PyTorch Installation¶
This section describes how to obtain and install the PyTorch software package. Follow the instructions outlined below to install PyTorch packages on a bare metal platform or virtual machine without a Docker image.
Habana PyTorch packages consist of:
torch
- PyTorch framework package with Habana supporthabana-torch-plugin
- Libraries and modules needed to execute PyTorch on single card, single node and multi node setup.habana-torch-dataloader
- Habana multi-threaded dataloader package.torchvision
andtorchaudio
- Torchvision and Torchaudio packages compiled intorch
environment. No Habana specific changes in this package.habana-gpu-migration
- The library for the GPU Migration Toolkit. See GPU Migration Toolkit for more information.torch-tb-profiler
- The Tensorboard plugin used to display Habana Gaudi specific information on TensorBoard.
To install Habana PyTorch environment, run the following command.
wget -nv https://vault.habana.ai/artifactory/gaudi-installer/latest/habanalabs-installer.sh
chmod +x habanalabs-installer.sh
./habanalabs-installer.sh install -t dependencies
./habanalabs-installer.sh install --type pytorch --venv
Note
Running the above command installs the latest version.
Installing dependencies requires sudo permission.
Make sure to check whether PyTorch is already installed in the path listed in the environment variable PYTHONPATH. If it is, make sure to either uninstall it before proceeding or remove the path from the PYTHONPATH.
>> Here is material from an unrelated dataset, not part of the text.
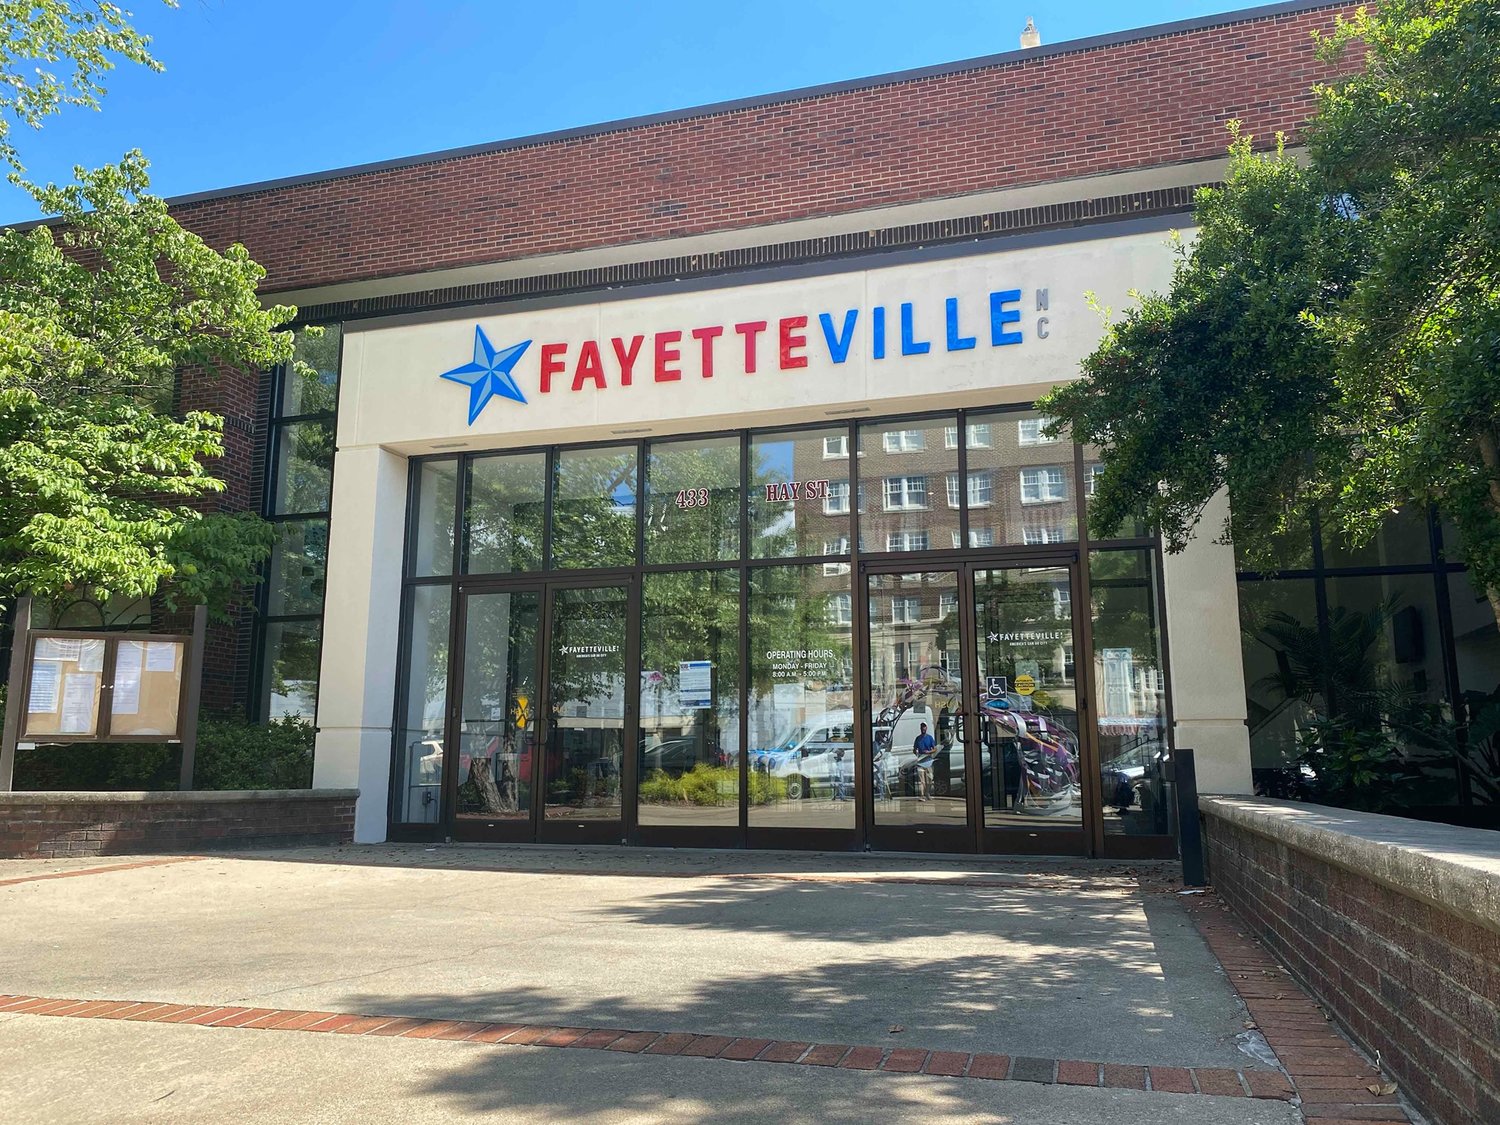 Three council members did not attend an emergency meeting of the Fayetteville City Council on Sept. 2 to discuss litigation related to the initiative that could change the way council members are elected.

This script supports fresh installations only. SW upgrades are not supported.
The -- venv
flag installs the relevant framework inside the virtual environment. The default virtual environment folder is $HOME/habanalabs-venv
.
To override the default, run the following command:
export HABANALABS_VIRTUAL_DIR=xxxx
Model References Requirements¶
Some PyTorch models need additional python packages. They can be installed using python requirements files provided in Model References repository. Refer to Model References repository for detailed instructions on running PyTorch models.
Set up Python for Models¶
Using your own models requires setting python 3.8 as the default python version. If python 3.8 is not the default version, replace any call to the python command on your model with $PYTHON and define the environment variable as below:
export PYTHON=/usr/bin/python3.8
Running models from Habana Model-References, requires the PYTHON environment variable to match the supported python release:
export PYTHON=/usr/bin/<python version>
Note
Python 3.8 is the supported python release for all Operating Systems except for Ubuntu22.04. See the versions listed in the Support Matrix.